So, ich habe die Schnur nun sehr schnell bekommen. Sie ist wirklich dünn und sehr glatt. Geht fast lautlos durch die Ringe. Farbabrieb gibt es aber, wie bei den meisten Schnüren.
Macht auf den ersten Blick einen sehr guten Eindruck.
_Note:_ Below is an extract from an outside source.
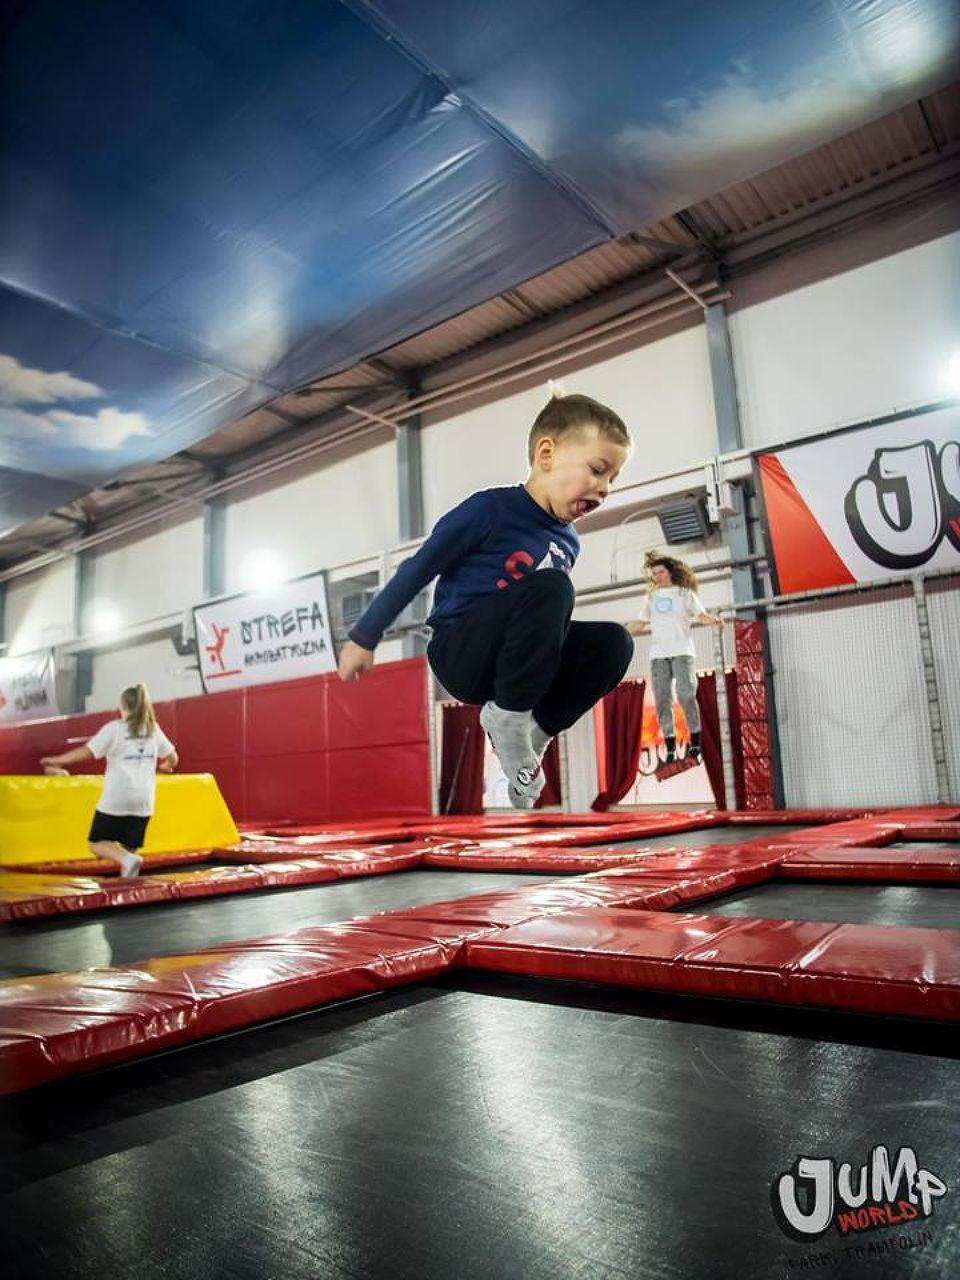 Jumpschool Classes for Kids

Melde mich nochmal, wenn sie am Wasser war!


----------



## Franky (6. Februar 2015)

*AW: WFT-Gliss-Schnur; Erfahrungen?*

Ich bin mir nicht 100% sicher, aber ich glaube, eine solche Schnur gibt es schon länger - kommt von Hemmingway (Lippmann) und heisst dort Monotec Futura... Liest sich alles, was man so findet, durchaus nicht unbekannt...


----------



## Fr33 (6. Februar 2015)

*AW: WFT-Gliss-Schnur; Erfahrungen?*

Franky, das ist nicht das gleiche Prinzip....


die Hemmingway ist ne Thermofusionsschur (also sowas wie die gute alte FireLine mit Monomantel....) Da sind ein paar verschmolzene PE Fasern die von Mono (PPS oder PBT)  etc. ummantelt ist ...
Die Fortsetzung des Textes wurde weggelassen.